Li Qiuhui, Keskus Ayse G, Wagner Justin, Izydorczyk Michal B, Timp Winston, Sedlazeck Fritz J, Klein Alison P, Zook Justin M, Kolmogorov Mikhail, Schatz Michael C
Department of Computer Science, Johns Hopkins University, Baltimore, Maryland 21218, USA.
Cancer Data Science Laboratory, Center for Cancer Research, National Cancer Institute, Bethesda, Maryland 20892, USA.
Genome Res. 2025 Apr 14;35(4):599-620. doi: 10.1101/gr.280041.124.

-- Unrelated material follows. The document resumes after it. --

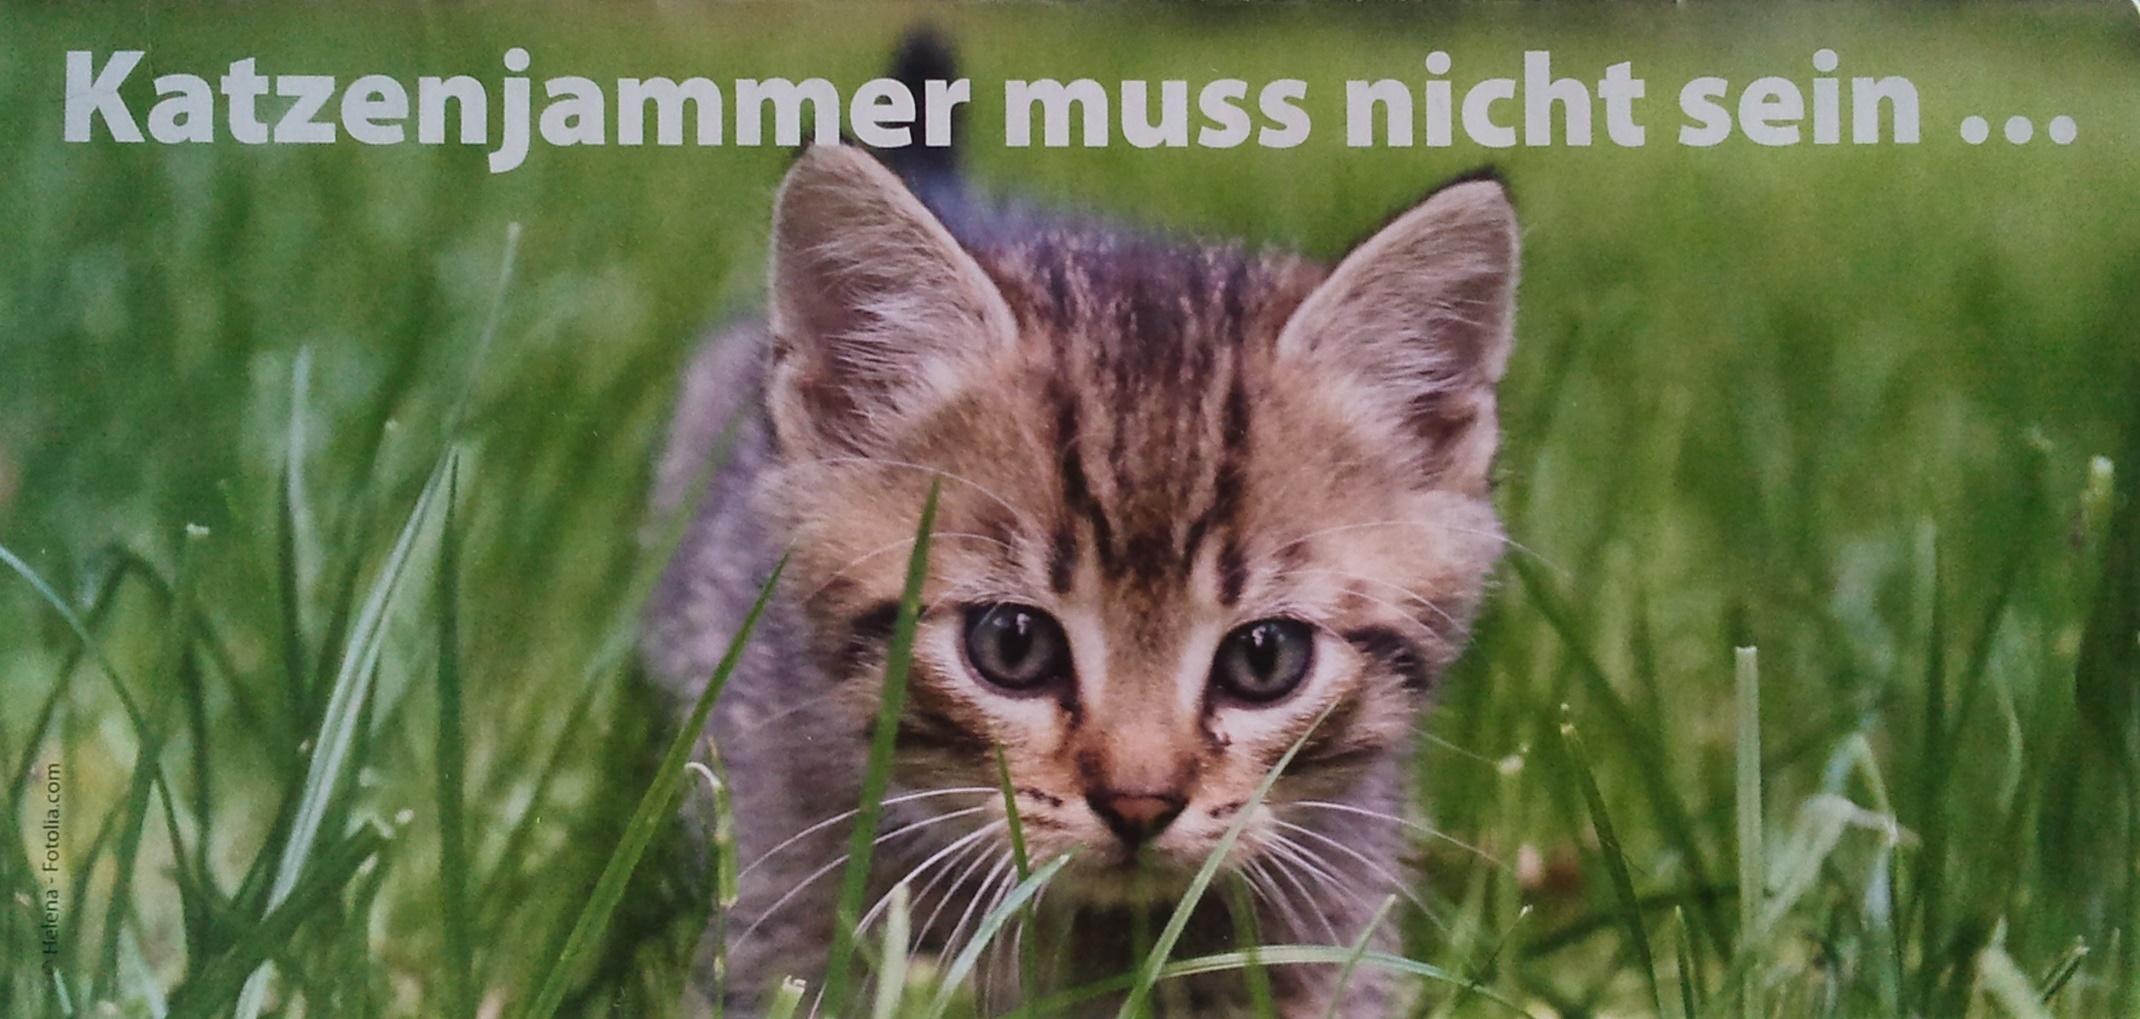 http://www.tierhilfe-dinslaken-voerde.eu/wp-content/uploads/2016/01/Katzenjammer-muss-nicht-sein.jpg

Cancer is fundamentally a disease of the genome, characterized by extensive genomic, transcriptomic, and epigenomic alterations. Most current studies predominantly use short-read sequencing, gene panels, or microarrays to explore these alterations; however, these technologies can systematically miss or misrepresent certain types of alterations, especially structural variants, complex rearrangements, and alterations within repetitive regions. Long-read sequencing is rapidly emerging as a transformative technology for cancer research by providing a comprehensive view across the genome, transcriptome, and epigenome, including the ability to detect alterations that previous technologies have overlooked. In this Perspective, we explore the current applications of long-read sequencing for both germline and somatic cancer analysis. We provide an overview of the computational methodologies tailored to long-read data and highlight key discoveries and resources within cancer genomics that were previously inaccessible with prior technologies. We also address future opportunities and persistent challenges, including the experimental and computational requirements needed to scale to larger sample sizes, the hurdles in sequencing and analyzing complex cancer genomes, and opportunities for leveraging machine learning and artificial intelligence technologies for cancer informatics. We further discuss how the telomere-to-telomere genome and the emerging human pangenome could enhance the resolution of cancer genome analysis, potentially revolutionizing early detection and disease monitoring in patients. Finally, we outline strategies for transitioning long-read sequencing from research applications to routine clinical practice.
癌症本质上是一种基因组疾病,其特征是广泛的基因组、转录组和表观基因组改变。目前大多数研究主要使用短读长测序、基因检测板或微阵列来探索这些改变;然而,这些技术可能会系统性地遗漏或错误表征某些类型的改变,特别是结构变异、复杂重排以及重复区域内的改变。长读长测序正迅速成为癌症研究的一项变革性技术,它能提供全基因组、转录组和表观基因组的全面视图,包括检测先前技术所忽视的改变的能力。在这篇观点文章中,我们探讨了长读长测序在种系和体细胞癌症分析中的当前应用。我们概述了针对长读长数据量身定制的计算方法,并强调了癌症基因组学中以前使用现有技术无法获得的关键发现和资源。我们还讨论了未来的机遇和持续存在的挑战,包括扩大样本量所需的实验和计算要求、测序和分析复杂癌症基因组的障碍,以及利用机器学习和人工智能技术进行癌症信息学研究的机遇。我们进一步讨论了端粒到端粒基因组和新兴的人类泛基因组如何能够提高癌症基因组分析的分辨率,可能会彻底改变患者的早期检测和疾病监测。最后,我们概述了将长读长测序从研究应用转变为常规临床实践的策略。